7.   Remember that your words and gestures will instruct.  For example, when you have measured the intraocular pressure and you say in a definitive, authoritative tone, “Your intraocular pressure is 15,” the patient will conclude that you really know that the pressure is 15.  (That is bullshit.)  Of course you do not know the pressure is 15 mm Hg.  Furthermore, the pressure could easily have been 10 or 20 one hour earlier, or 10 or 30 that evening.  On the other hand, if you say something like, “As I measure your eye pressure just now, it is somewhere around 15,” you will be instructing the patient in the difficulty of determining exactly what intraocular pressure the person has.  When one looks at the second visual field and says, “Your visual field is worse.  You had 4 decibels of loss last time, and you have 8 this time,” the patient concludes that they are twice “as bad” as they were before.  Of course that is nonsense.  A field change from 4 to 8 decibels may not even be significant.  Indicating to patients the softness of all these values is a critically important part of educating them.  Everything we do or say educates patients in some way.

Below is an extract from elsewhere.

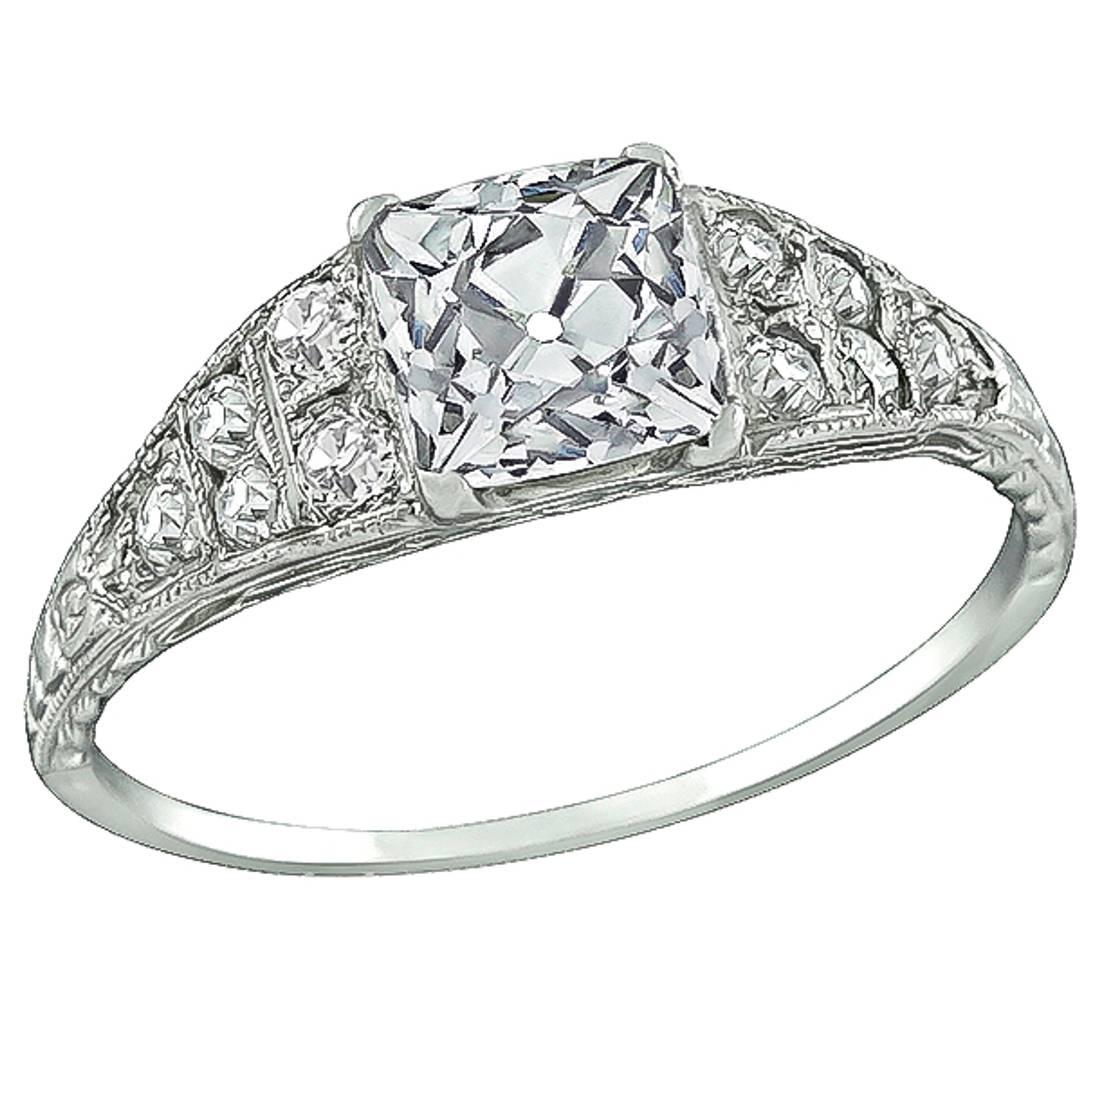 1.30 Carat GIA Certified Square Brilliant Cut Diamond Platinum Engagement Ring

8.   When you think you have said something especially brilliant, ask the patient what she understood you to say.  Then be prepared for a huge deflation.  But do not take it negatively.  Recognize it as an opportunity to clarify, to engage the patient more fully, to understand the patient better and to have them understand you better so that at the end of the conversation they feel that they have really moved ahead in being able to control their own lives.

9.   Finally, remember that your final comments to your patients will remain with them for months or years.  Consider a patient who has had a guarded filtration procedure three months before, and at this three-month visit you note that the visual acuity is one line worse, and the person has mild bleb dysethesia, and an intraocular pressure around 12 mm Hg (which is where you wanted it).  The parting statement to that patient could be, “I am sorry your eye is so uncomfortable and that your vision is worse.  Let’s hope it clears up.  It is important that I see you again in six months.”  That patient will leave discouraged and will be apprehensive for the entire six months.  On the other hand, the parting comments to the same patient could be, “I am very pleased with the result of the surgery.  I know that you now have mild irritation, but I also know that you can tolerate that.  When the eye feels irritated, blink several times and that will almost certainly make the eye feel better.  Your sight is still excellent, and the likelihood is great that you will keep your vision for the rest of your life.”  (As you say that you hold their hand and look them directly in the eye, because you are genuinely pleased.)  “I am eager to see you again in six months.  You are a real inspiration to me.”